Cross-layer configuration is involved here. The NPU has an additional language_model layer, which is used as the prefix of the embedding layer, rotary_pos_emb layer, and encoder layer.

GPTModel:
    language_model.embedding: embedding
    language_model.rotary_pos_emb: rotary_pos_emb
    language_model.encoder: decoder

Then, check the submodules under theModule.module.module.language_model.encoder.ParallelTransformer.forward.0 layer.

The layers beneath this layer are named layers on both the NPU and GPU. Since the layer names match, no configuration is required.

Effect Viewing

Run the following command to specify -lm:

msprobe graph_visualize -i ./compare.json -o ./output -lm ./mapping.yaml

It can be seen that all the layers configured in the mapping.yaml file are matched, except the language_model layer (which is only on the NPU and has no matching layer on the GPU).

Further Configuration

If unmatched nodes appear during node expansion, continue by configuring the mapping.yaml file.
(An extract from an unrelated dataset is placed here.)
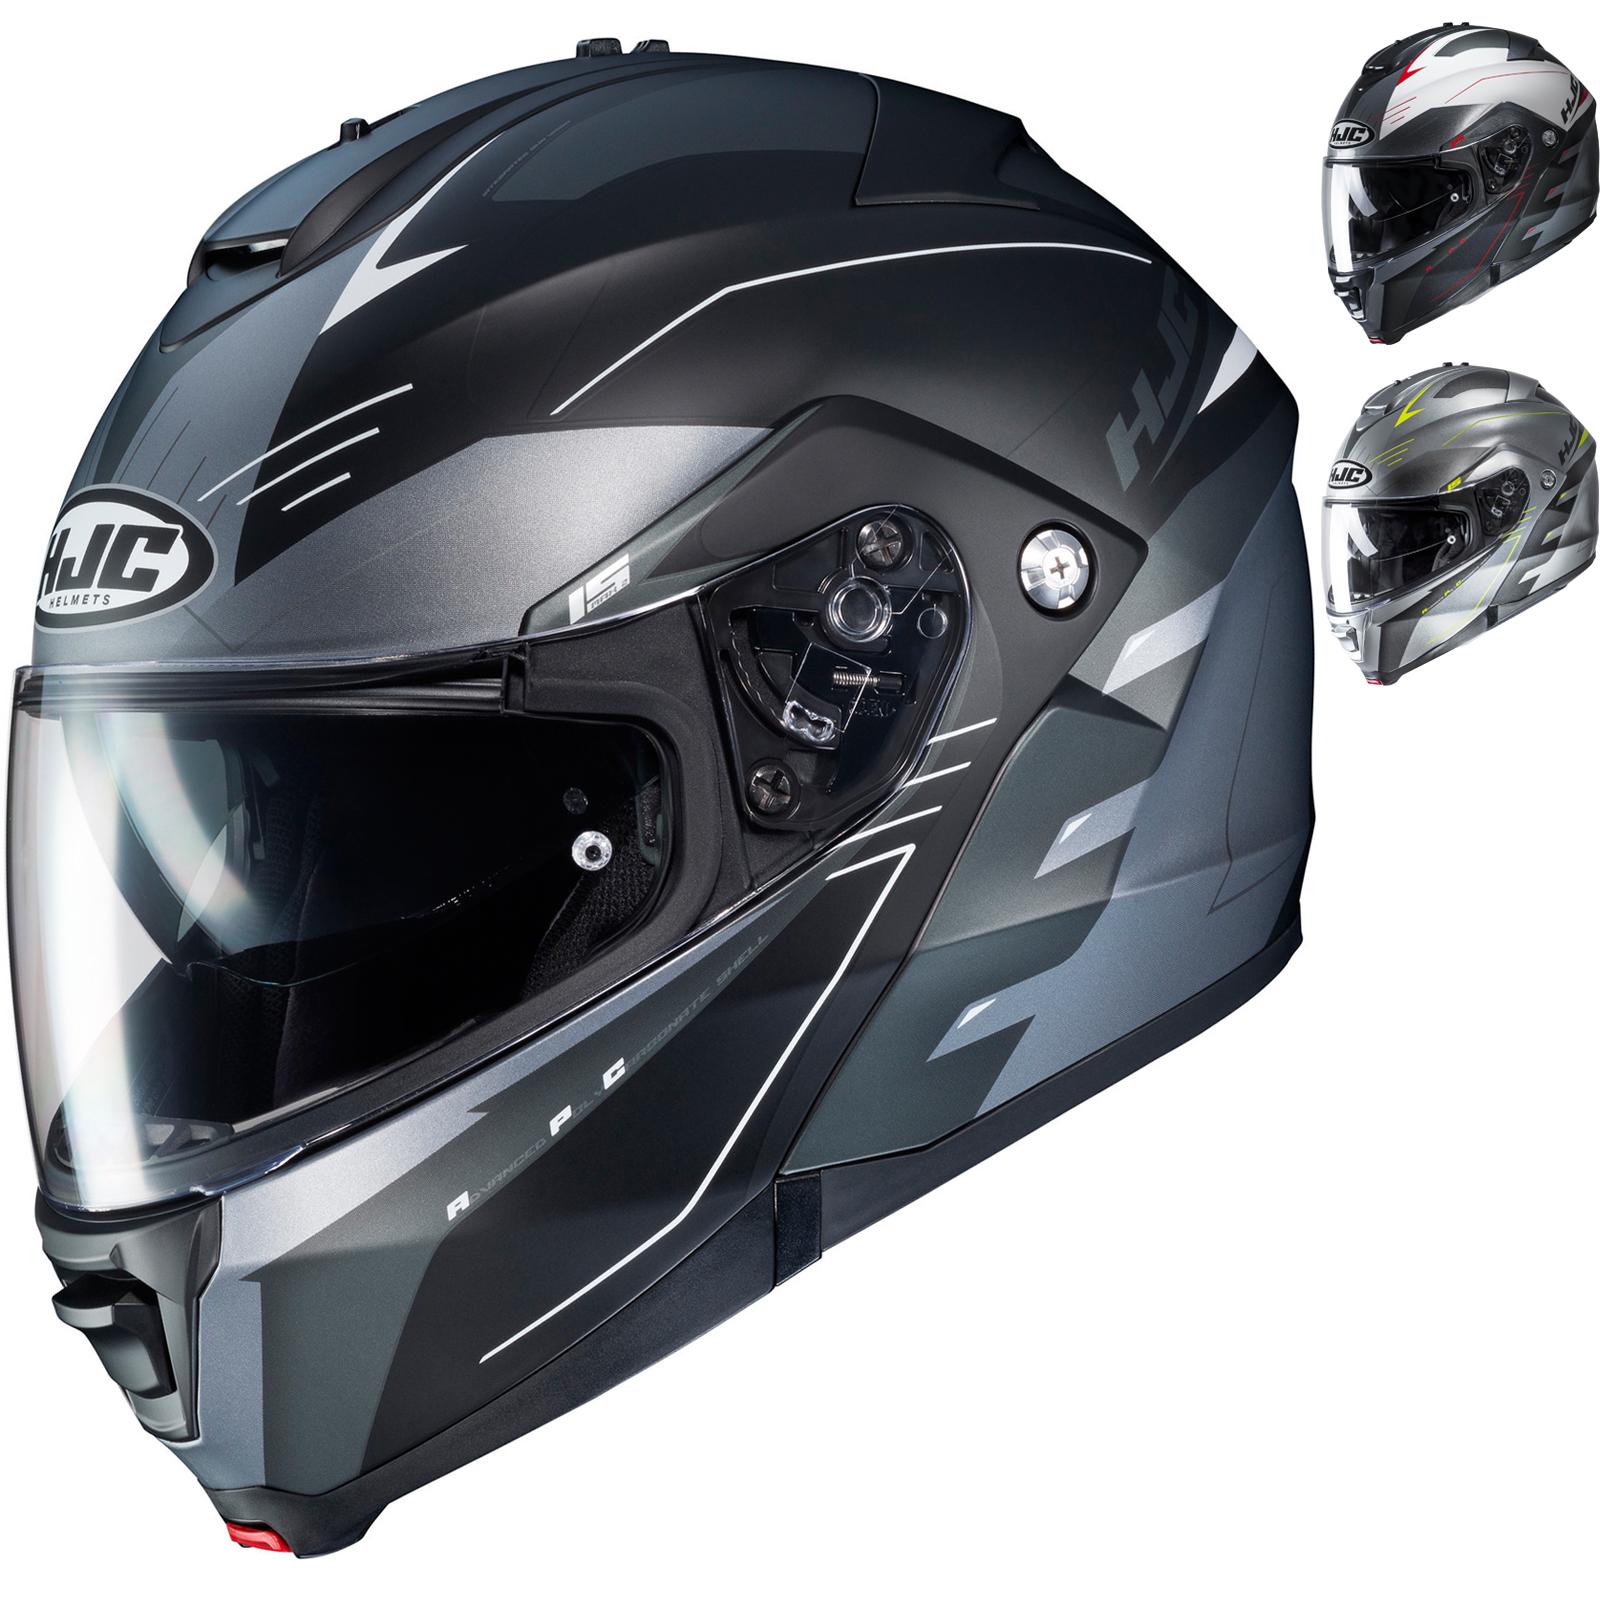 e9682af4 HJC IS-MAX II Cormi Flip Front Motorcycle Helmet Bike Crash Lid with ...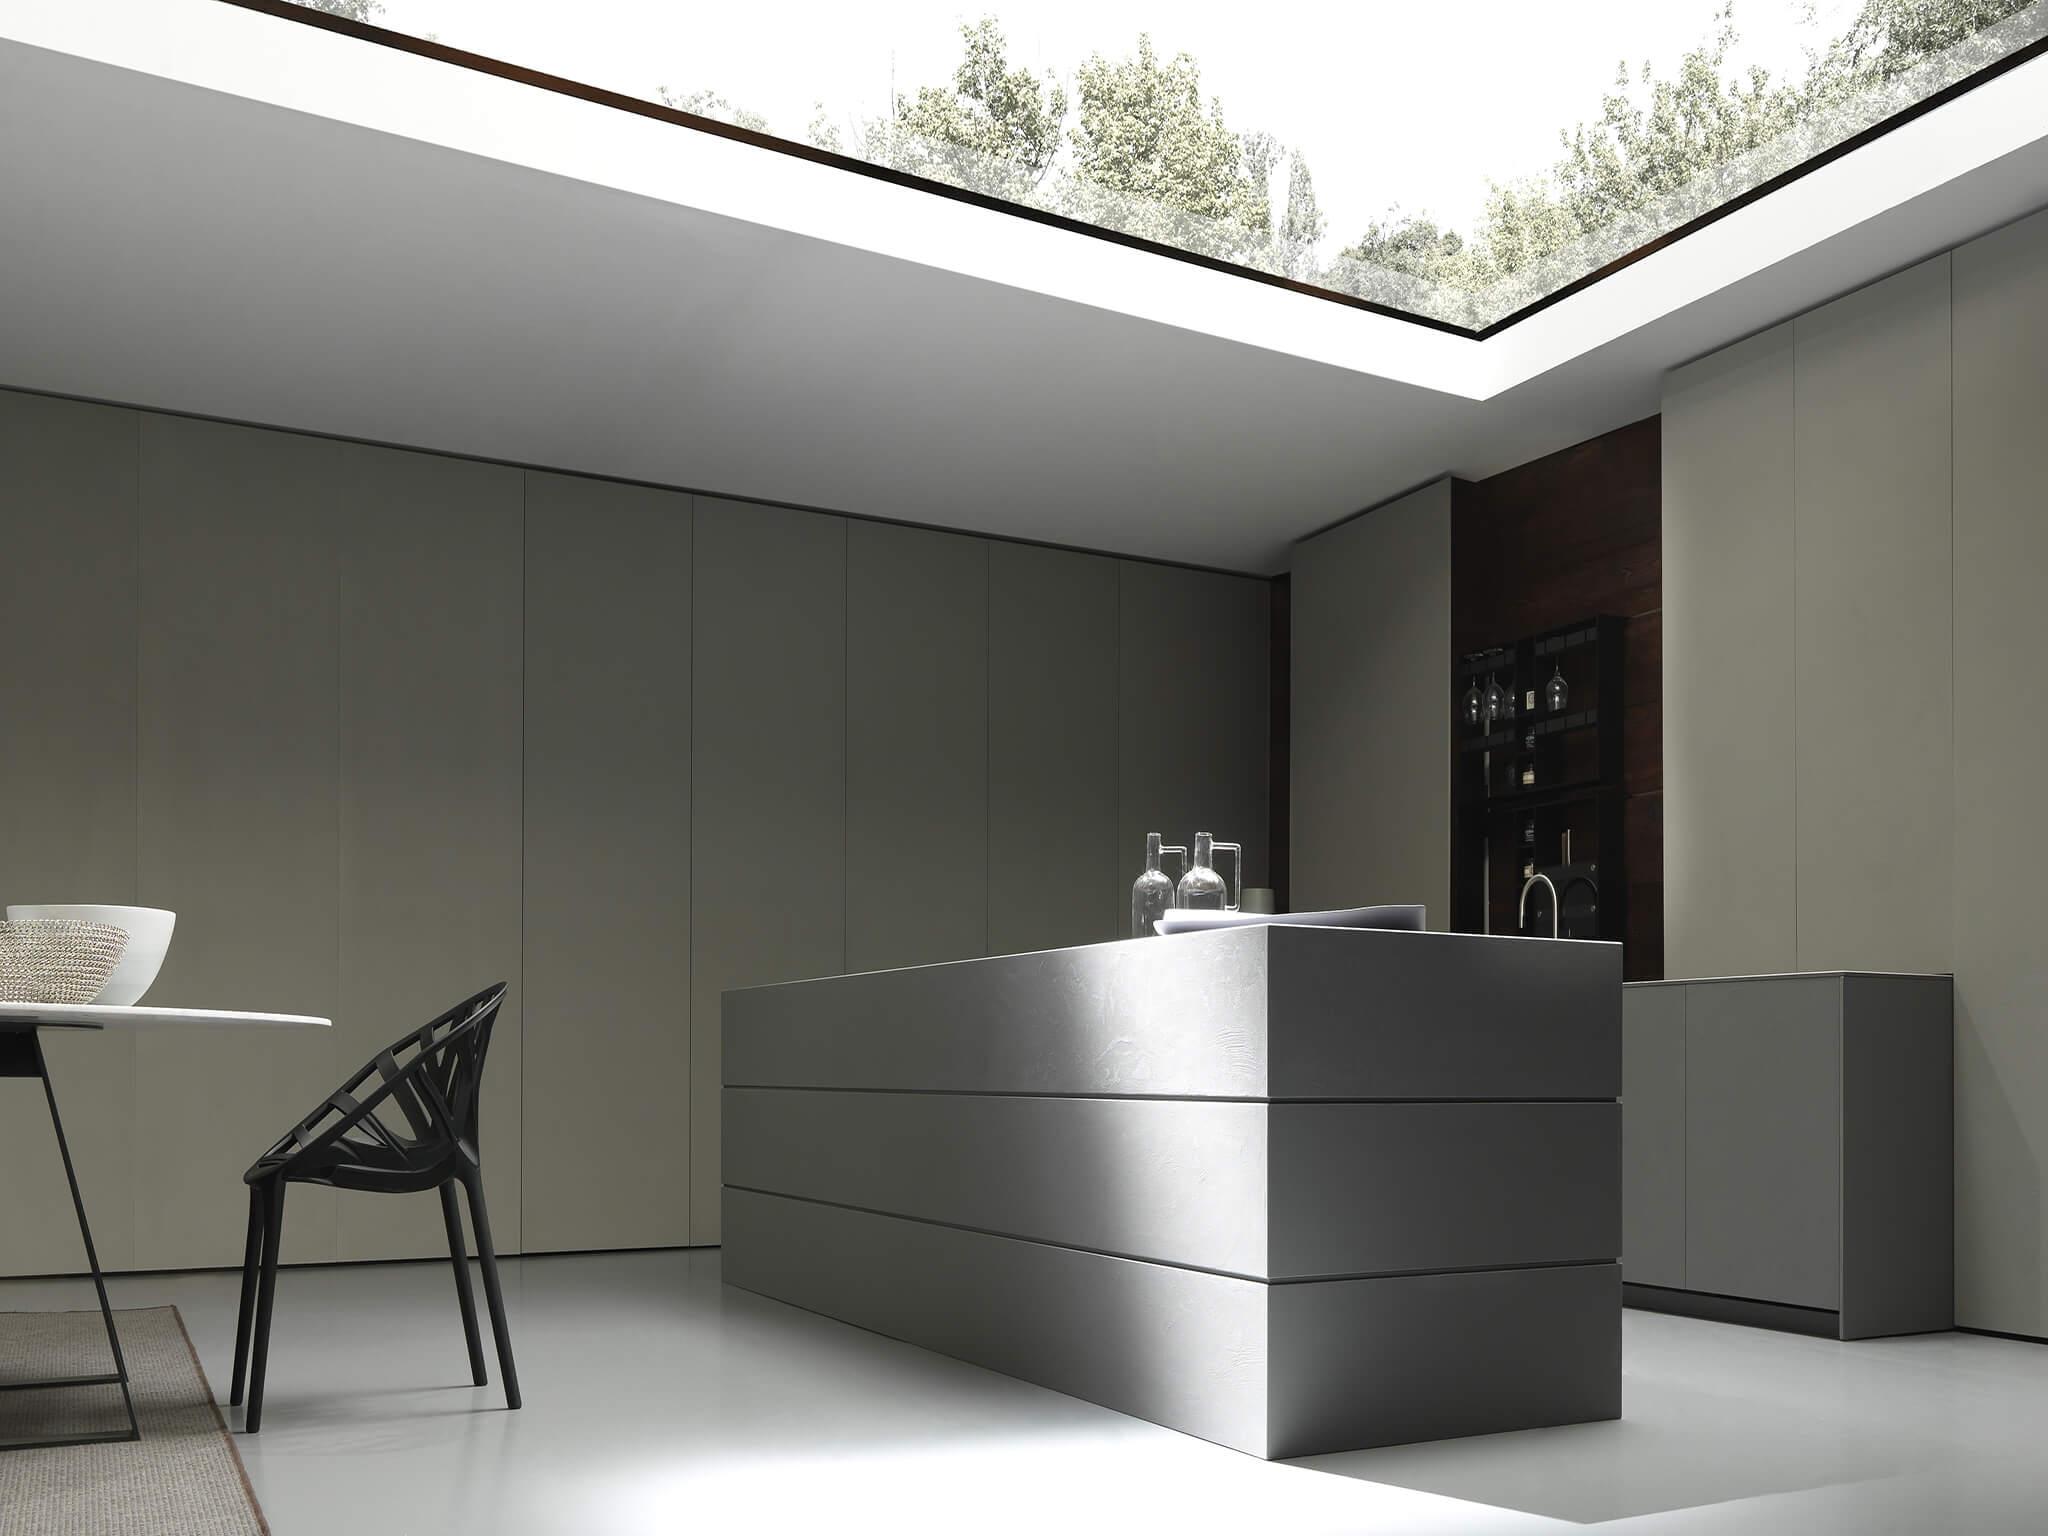 blade kitchen cabinetry archisesto chicago

According to the preceding analysis, the node mapping is as follows:

NPU Node Name	GPU Node Name	Difference
Module.module.module.language_model.encoder.layers.0.mlp.dense_h_to_4h.ColumnParallelLinear.forward.0	Module.module.module.decoder.layers.0.mlp.linear_fc1.TELayerNormColumnParallelLinear.forward.0	`dense_h_to_4h` for the NPU; `linear_fc1` for the GPU.
Module.module.module.language_model.encoder.layers.0.mlp.dense_4h_to_h.RowParallelLinear.forward.0	Module.module.module.decoder.layers.0.mlp.linear_fc2.TERowParallelLinear.forward.0	`dense_4h_to_h` for the NPU; `linear_fc2` for the GPU.

Add the following configuration to the mapping.yaml file:

TopLayer:
  module: model

GPTModel:
    language_model.embedding: embedding
    language_model.rotary_pos_emb: rotary_pos_emb
    language_model.encoder: decoder

ParallelMLP:
    dense_h_to_4h: linear_fc1
    dense_4h_to_h: linear_fc2

Check the result, and it can be seen that nodes are successfully matched.